Attempt at solution: Consider a fractional linear transform $T(z)=\frac{az+b}{cz+d}$ Suppose that $c=0$. Then the transformation would be a scaling composed with a translation and hence would map concentric circles to concentric circles, which does not happen. Hence $c\neq 0$.
Thus, we can divide by it to get a map of the form $w=T(z)=\frac{Az+B}{z+D}$ Now, consider the $x$-axis in the $z$-plane. It intersects the two bounding circles of the annulus perpendicularly. Hence the image of the $x$-axis must intersect the images of the circles perpendicularly as well. We see in the $w$ plane the $x$-axis does that as well, so without loss of generality, we can take the $x$-axis in the $w$-plane to be the image of the $x$-axis in the $z$-plane.
This gives the relations $T(-1)=-1, T(-r)=0, T(r)=\frac{1}{2}, T(1)=1$. Using the first and fourth, we get $B-A=1-D, A+B=1+D$ and upon adding them together we get $2B=2$ hence $B=1$. Using the second relation, gives that $-Ar+1=0$, hence $A=1/r$.

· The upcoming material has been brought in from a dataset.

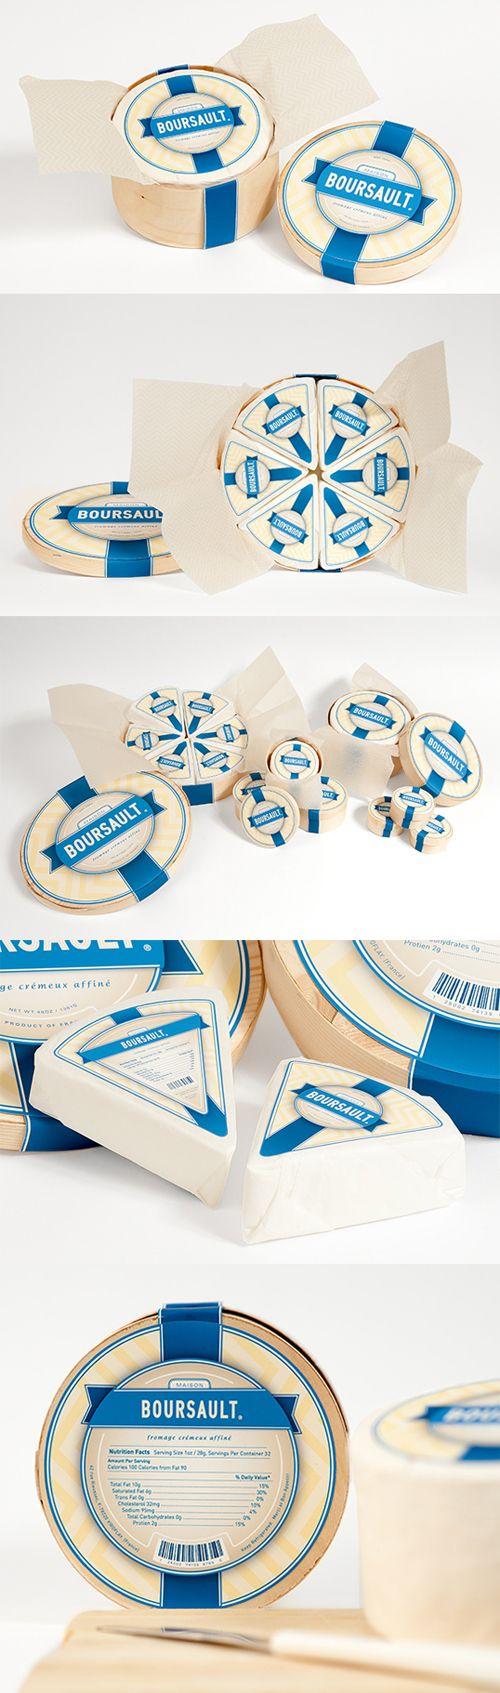 BOURSAULT cheese packaging designed by Samantha Szakolczay

The third relation gives $\frac{Ar+1}{r+D}=\frac{1+1}{r+D}=\frac{1}{2}$, hence $r+D=4$. Now using $D=4-r$ and $A=1/r$ in $A+B=1+D$ we have $\frac{1}{r}+1=1+(4-r)$ yielding the quadratic $r^{2}-4r+1=0$ with roots $2+\sqrt{3}, 2-\sqrt{3}$ and since $r< 1$ we must have $r=2-\sqrt{3}$.
Does this look okay?
Best Answer
I think you can consider the problem from another way: consider the inverse function which maps the unconcentric circles into concentric circles, which can be done by find the common symmetric points of two circles and map them to 0 and infinity.